Beet SaladChilled Beet, Cilantro, and Sunflower Seed Salad
2 lb red beets, washed and trimmed
6 tbsp extra virgin olive oil, plus extra for cooking
1 tbsp lemon juice
1 tbsp white wine vinegar
1/2 teaspoon Dijon mustard
2 tbsp cilantro, chopped fine
2 tbsp chives, minced
2 tbsp sunflower seeds
kosher salt and fresh black pepper, to taste
If most of your December evenings (and some days) were spent with a cocktail in hand, this is the recipe for you. Both beets and lemon juice help detoxify the liver, so belly up.
Yield: 4 servings
Preheat oven to 425˚F. Drizzle each beet with 1 tsp of olive oil and wrap individually in tinfoil. Place beets on sheet pan, and bake until tender but still firm, about 1 hour. Remove from oven, and allow beets to cool.
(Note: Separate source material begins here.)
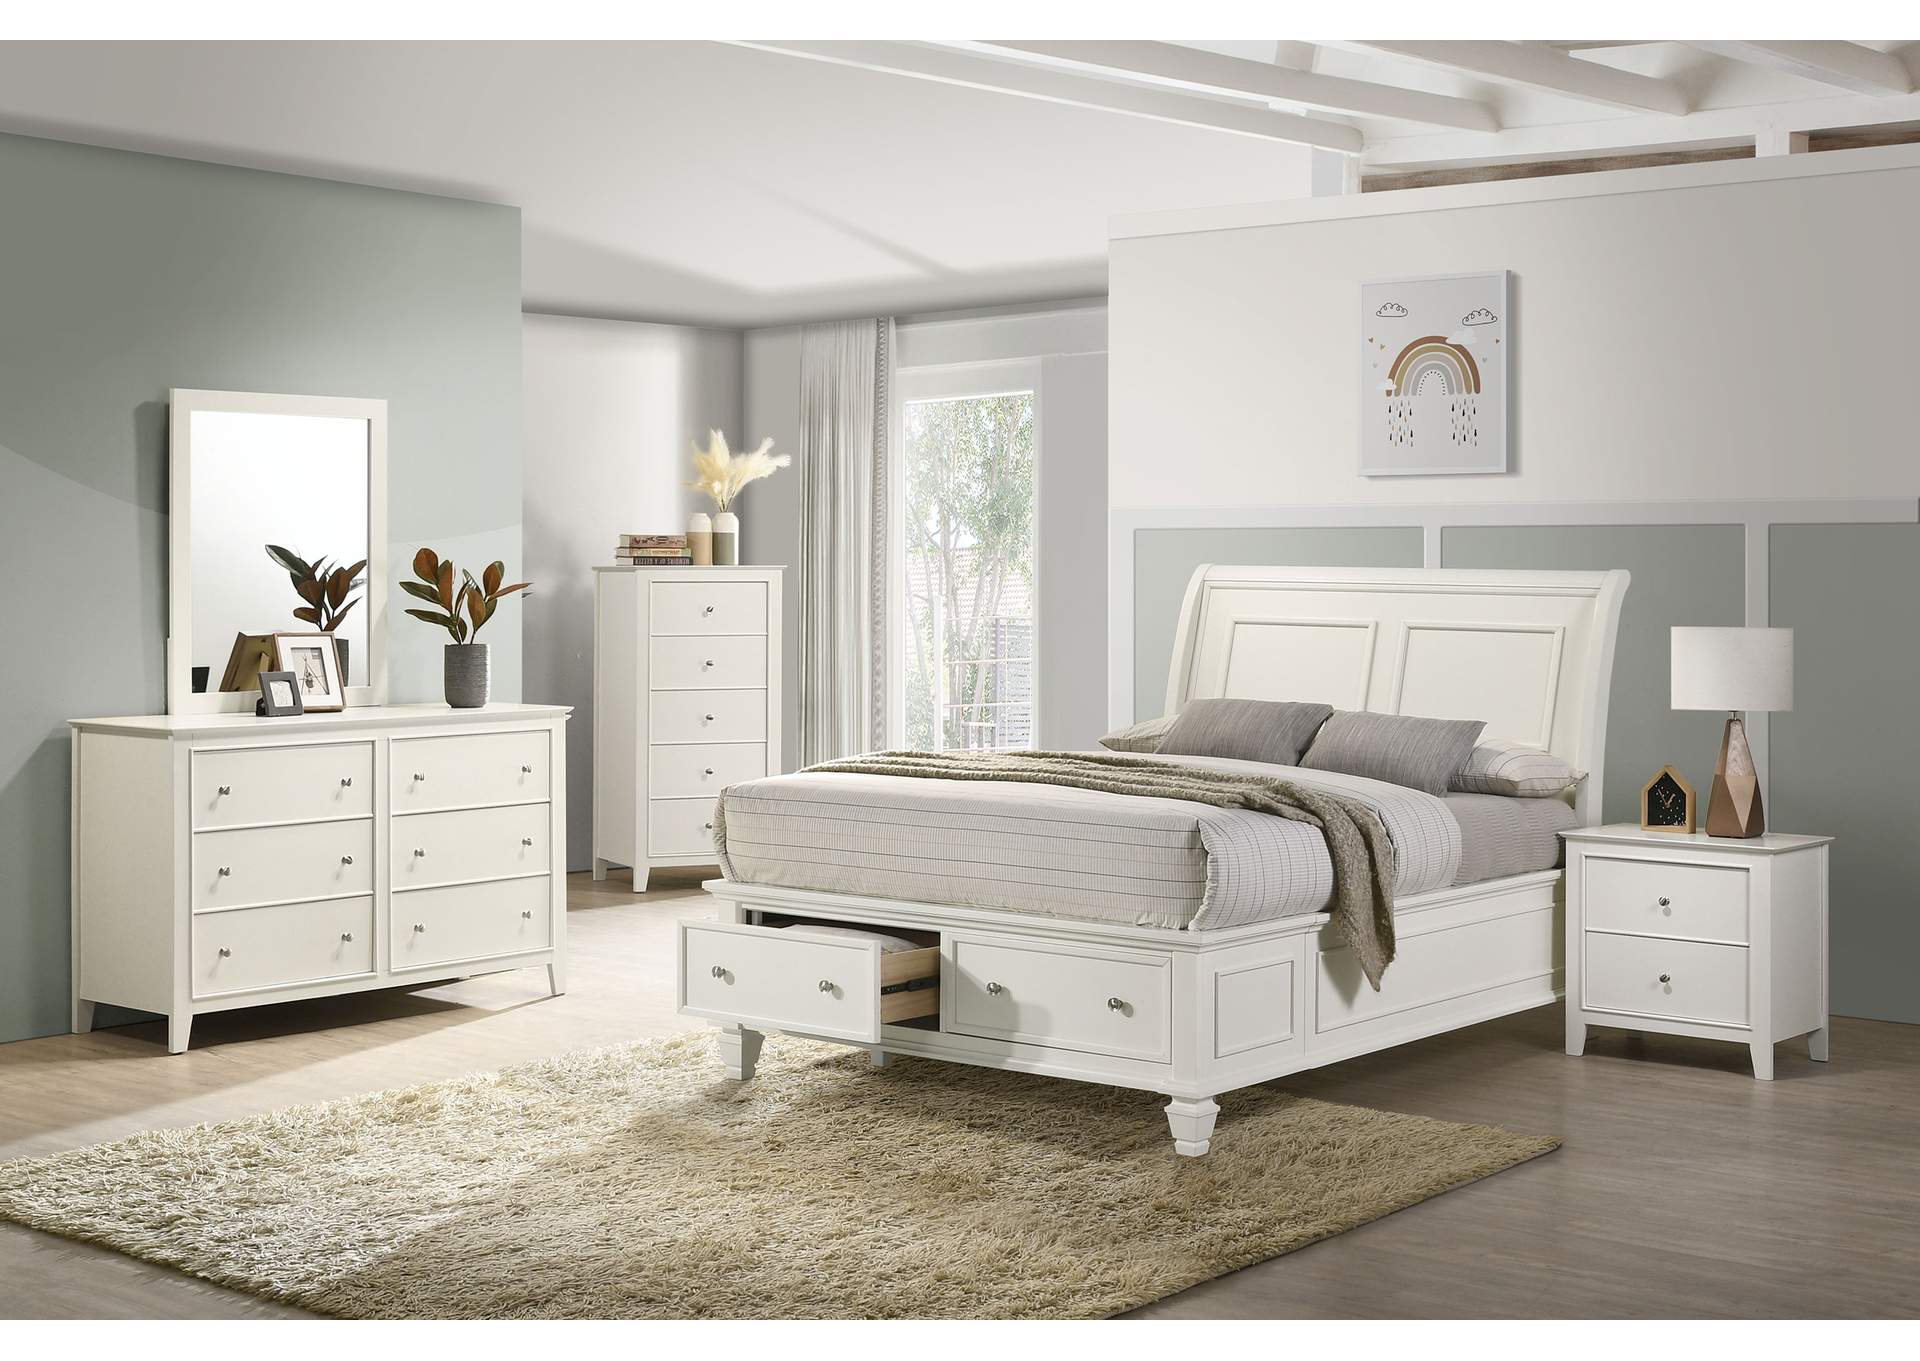 Selena Full Sleigh Bed with Footboard Storage Buttermilk,Coaster Furniture

Using a paper towel, peel skin off beets. (If you have plastic disposable gloves, use them or the color will stain your skin.) Slice each beet into 4 or 6 pieces, and add to a bowl. Add cilantro, chives, and sunflower seeds. Season with salt and pepper.
Add lemon juice, vinegar, and mustard to a small bowl. Whisk to combine. Slowly drizzle in oil, whisking constantly. Pour vinaigrette over beets, and toss well. Transfer to an airtight container, and refrigerate until beets are chilled.